The Navy's design for an expanded Bethesda Navy Hospital was a monumental missed opportunity for transportation planning. If the Environmental Impact Statement is taken at face value, transit usage at the facility will be sharply reduced while auto commuting will increase.

Ignoring the legal requirement to study alternatives with reduced environmental impacts, the Navy studied two alternatives that both add 1800 heavily subsidized parking spaces, far more than the 2200 new employees (many working weekends and shifts) and new hospital visitors will need. The Navy refused to analyze a no-added-parking alternative proposed by ACT and endorsed by the Bethesda-Chevy Chase Chamber of Commerce. This ignored the basic purpose of an EIS, which is to look at alternatives with less environmental impact.

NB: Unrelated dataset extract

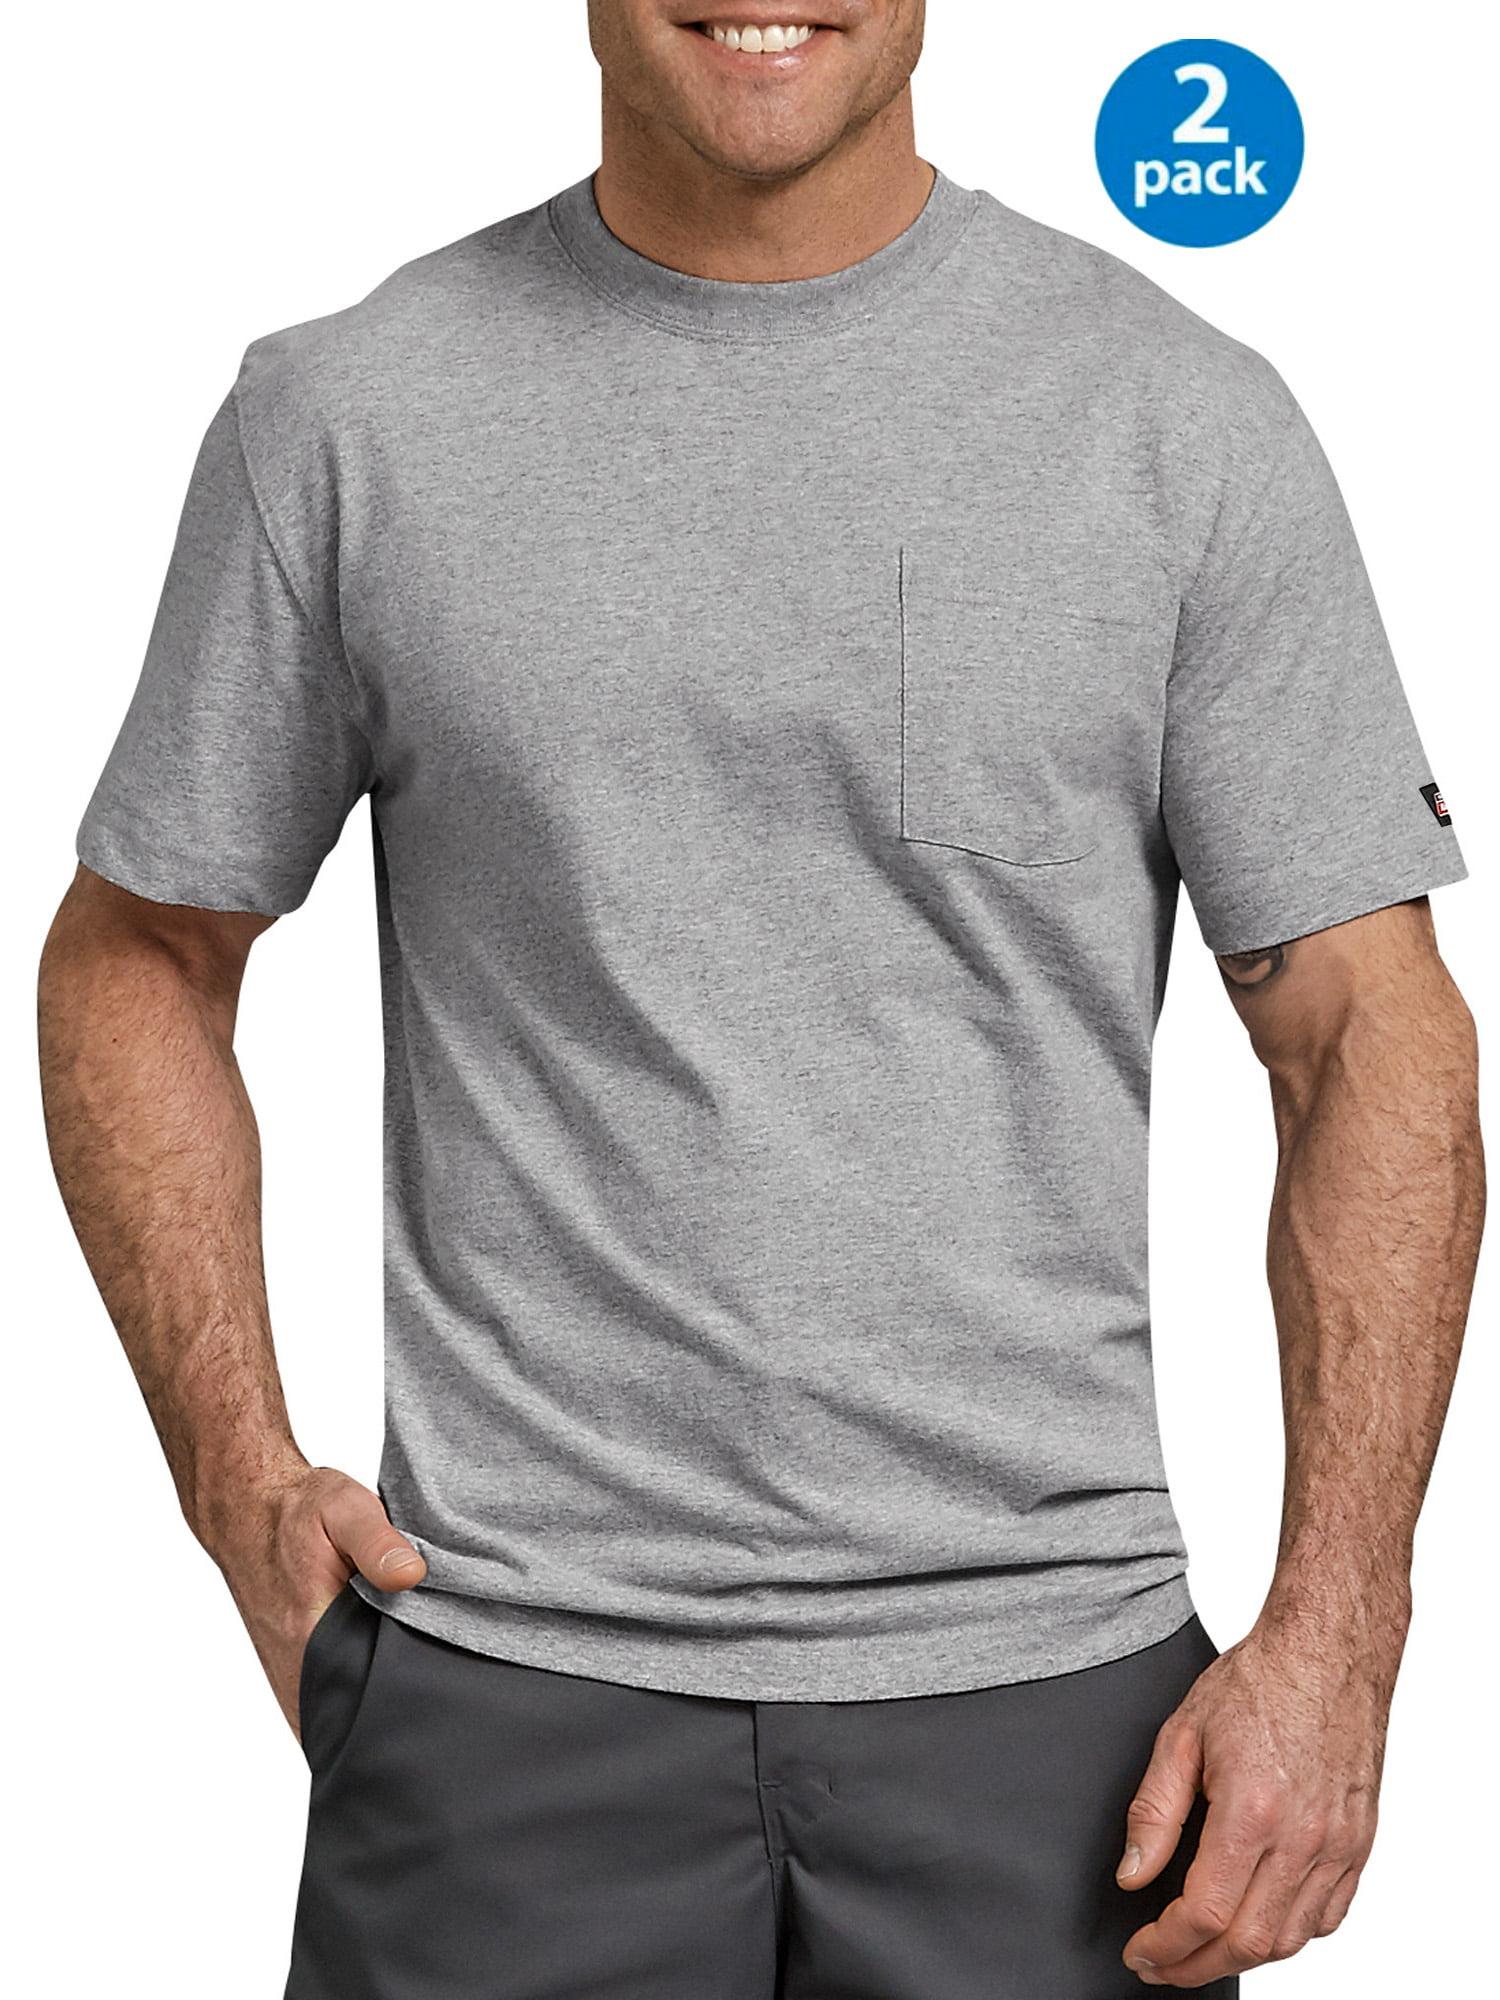 Men's Short Sleeve Heavyweight Pocket T-Shirt, 2-Pack

According to the EIS (Appendix C, page 50), if new employees generate commuting and visitor trips at the same rate as existing Bethesda Naval employees, the proposed 2200 new employees would put 418 cars on the road during the most congested 60 minutes of the evening rush hour. The ACT proposal would have further reduced this number by clustering buildings near Metro and making transit more accessible. But the EIS projected 921 auto trips during that hour - more than double the number generated by an equal number of current employees.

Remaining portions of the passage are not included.